Aligning ASO and siRNA Science with Evolving Regulatory Expectations

Following strong engagement at both ACT 2025 and the 2026 Society of Toxicology (SOT) Annual Meeting, our experts, Simon Authier and Mike Templin, have advanced the conversation on regulatory strategy for antisense oligonucleotides (ASOs) and siRNAs. Through these sessions, participants explored how evolving regulatory expectations are shaping the development of oligonucleotide therapeutics and why early, scientifically grounded decisions are essential for downstream regulatory success.

Oligonucleotide therapeutics have now clearly established regulatory pathways across major health authorities. However, regulators consistently emphasize that these pathways should not be applied mechanically. ASOs and siRNAs share characteristics with both small molecules and biologics, yet they do not fully align with either category. As a result, regulators expect development programs to be tailored to the specific properties of each therapeutic rather than relying solely on historical precedent.

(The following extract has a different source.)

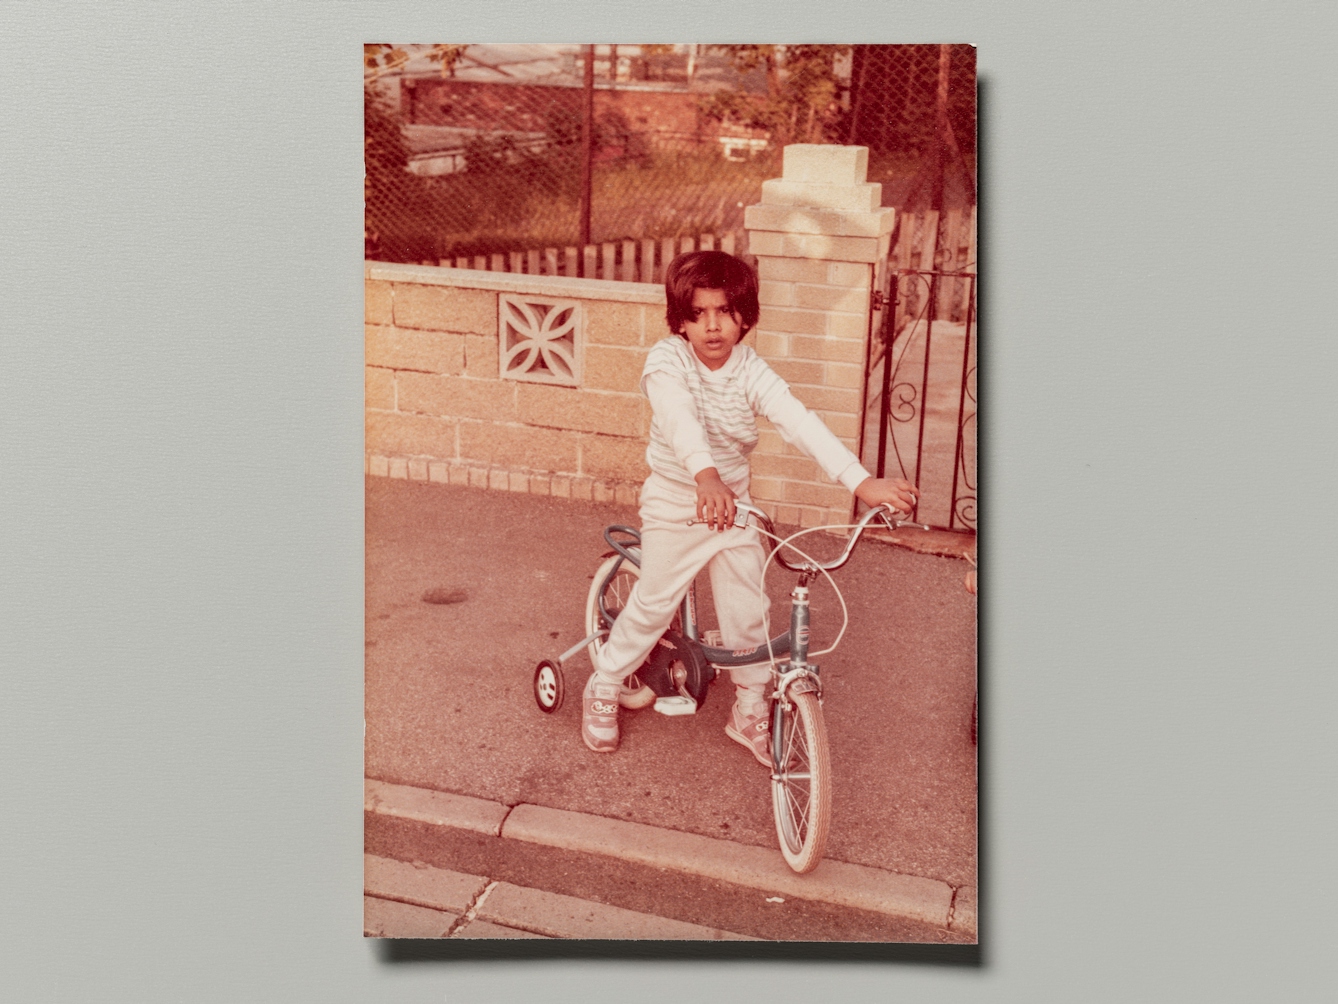 Photograph of a family photographic print resting on a grey background. The photo shows a young girl sat on a bicycle equipped with stabilisers, looking to camera. She is on the pavement of a residential street.

A central theme of the discussions was the importance of clearly defining and justifying the mechanism of action. Regulatory agencies place a high value on understanding how an ASO or siRNA achieves its intended effect and on the relevance of models used for safety assessment. Safety findings are interpreted in context, including whether observed effects align with the intended biological activity or suggest unintended or class-related toxicities. Developers are expected to articulate this rationale clearly and consistently.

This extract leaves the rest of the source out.